DATA EXTRACTS =
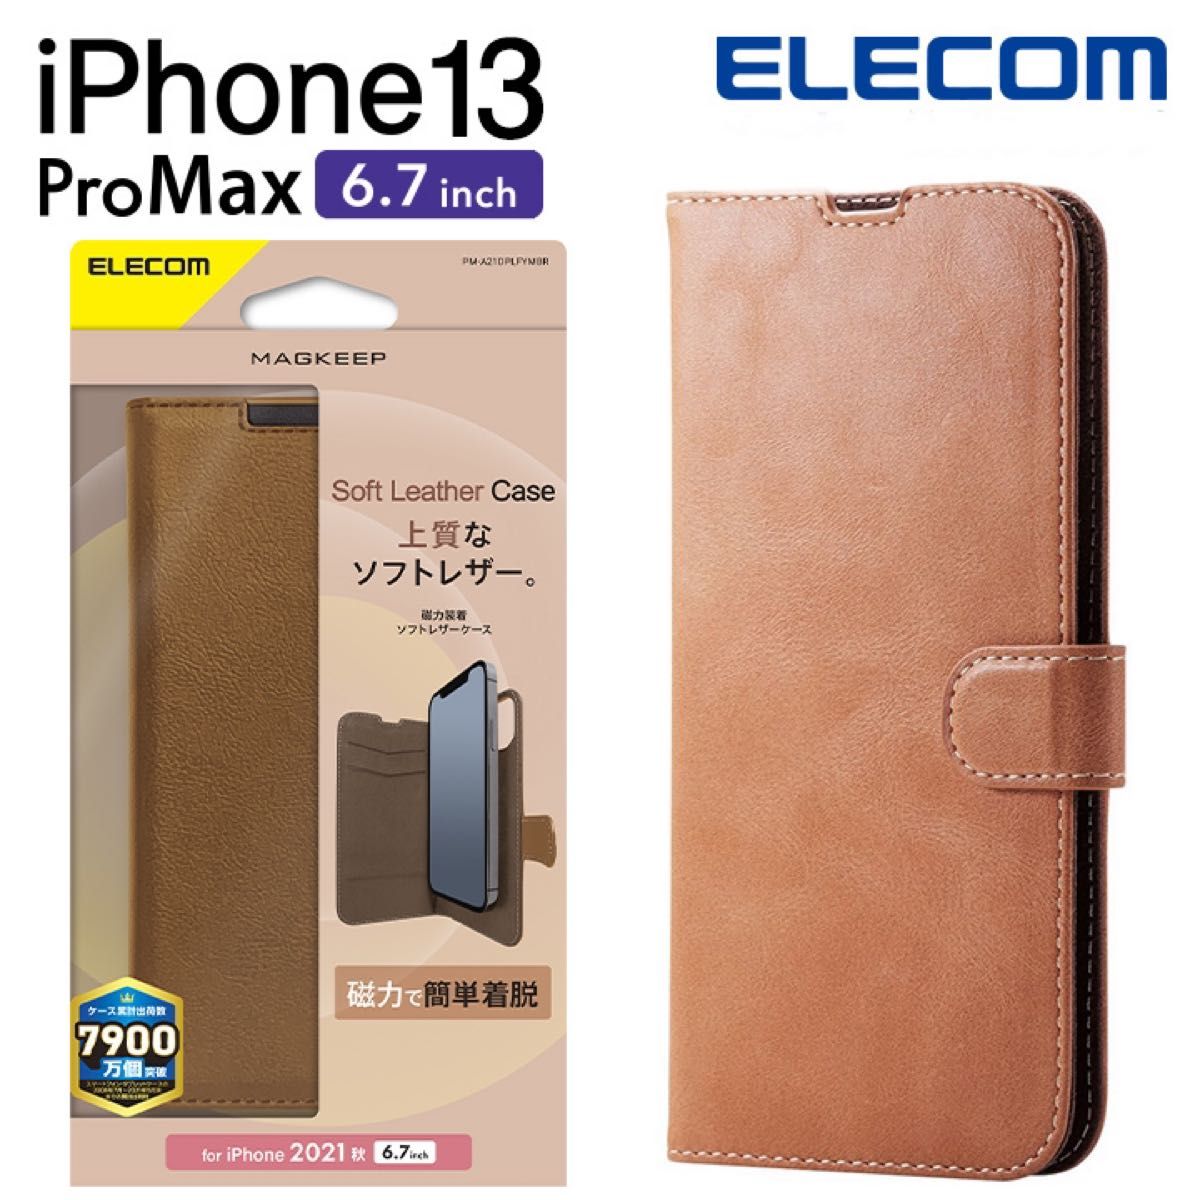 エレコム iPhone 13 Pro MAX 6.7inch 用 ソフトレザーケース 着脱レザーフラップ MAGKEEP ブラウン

...

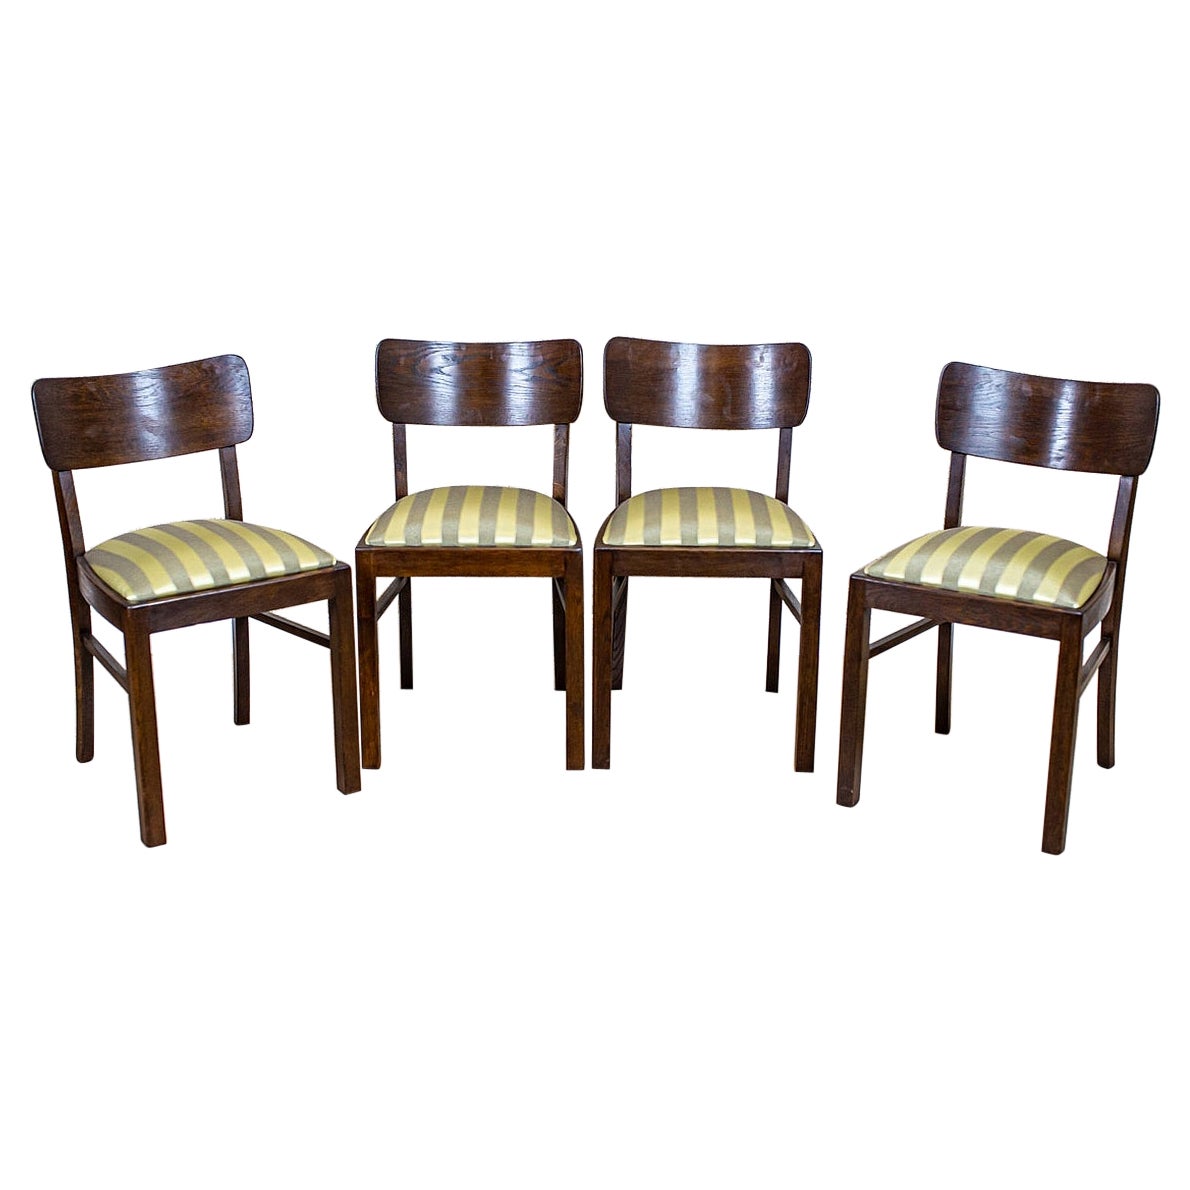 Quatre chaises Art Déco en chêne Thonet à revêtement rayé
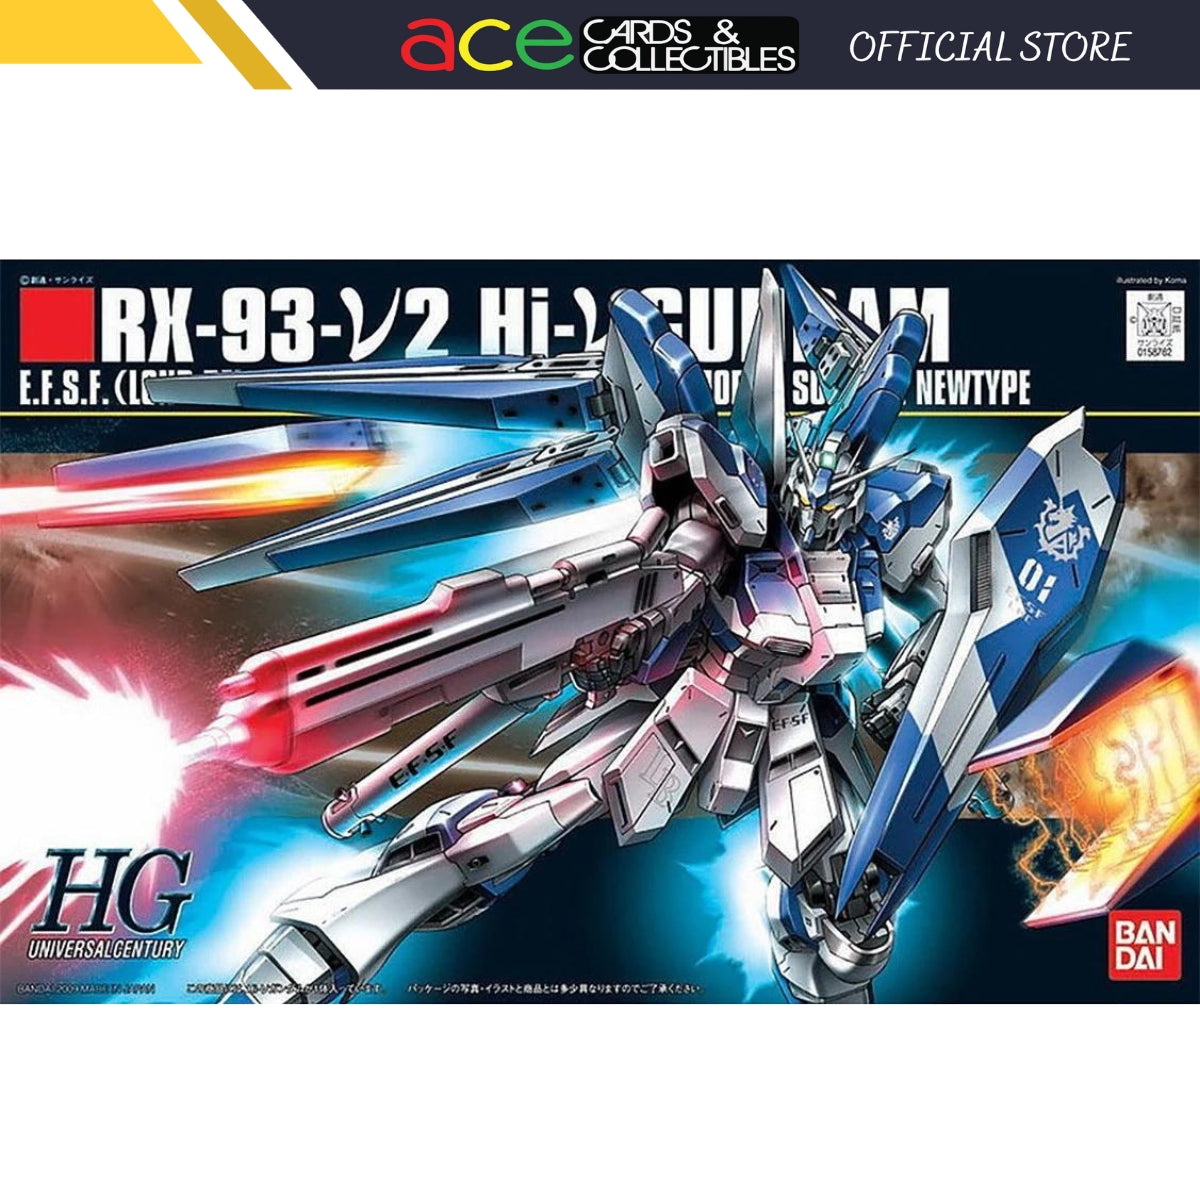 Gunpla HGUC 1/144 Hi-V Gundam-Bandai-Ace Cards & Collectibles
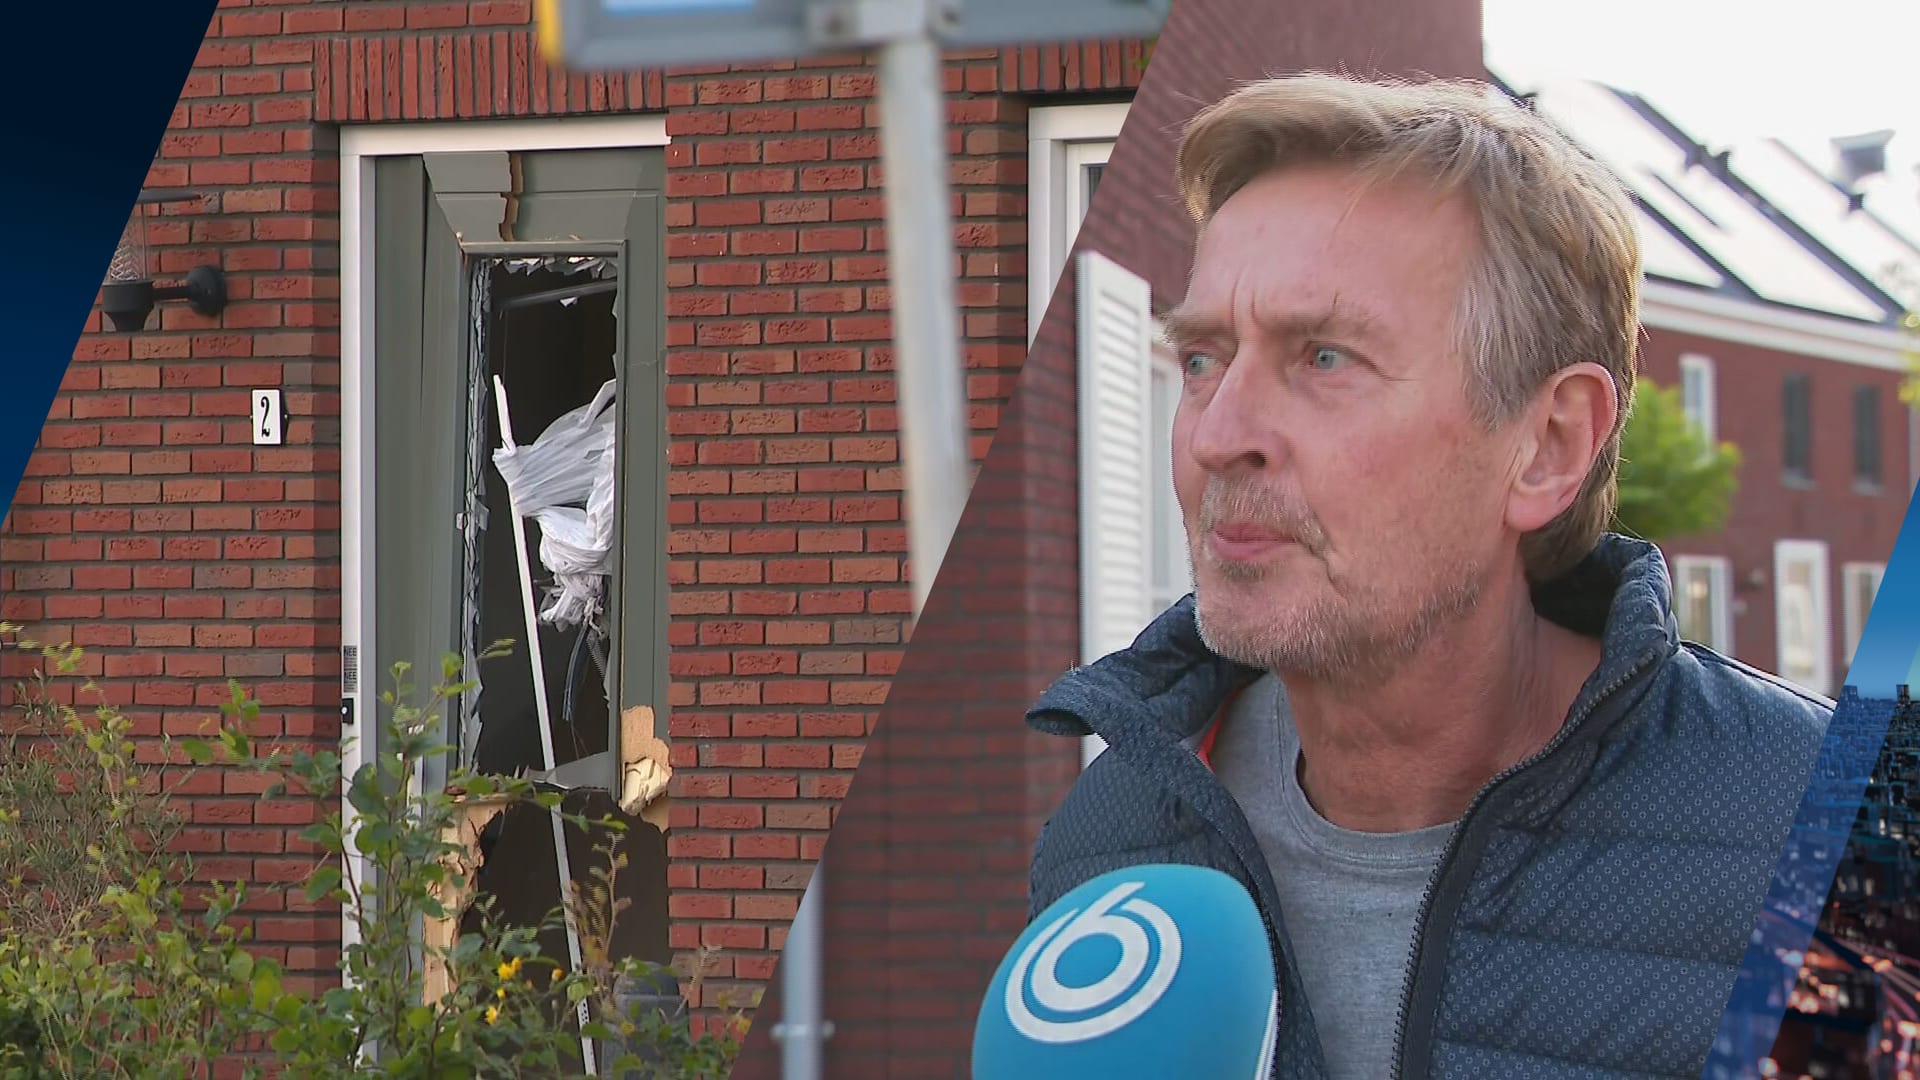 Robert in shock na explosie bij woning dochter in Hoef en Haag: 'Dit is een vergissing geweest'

---

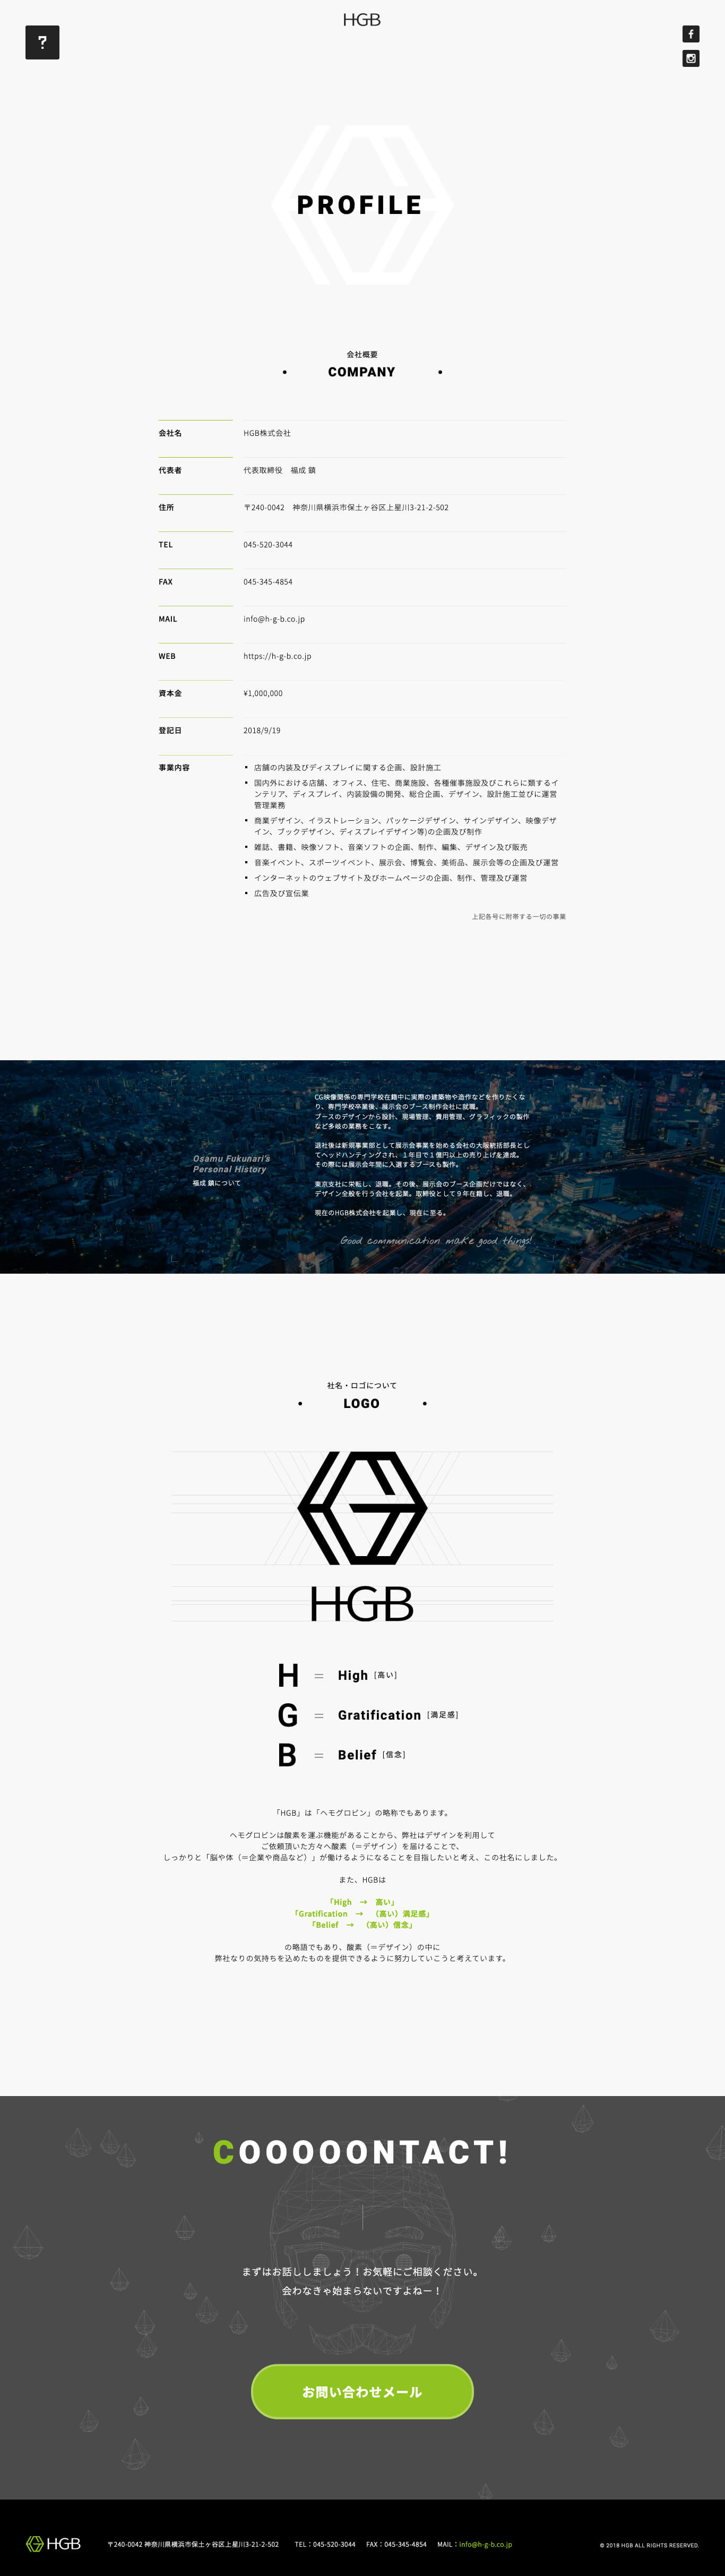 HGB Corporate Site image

TASK DETAILS = Your answer must be everything above from the line with "Quatre chaises Art" down to the line with "Robert in shock", word for word, and no pictures.

RESULT =
 Quatre chaises Art Déco en chêne Thonet à revêtement rayé
 Gunpla HGUC 1/144 Hi-V Gundam-Bandai-Ace Cards & Collectibles
 Robert in shock na explosie bij woning dochter in Hoef en Haag: 'Dit is een vergissing geweest'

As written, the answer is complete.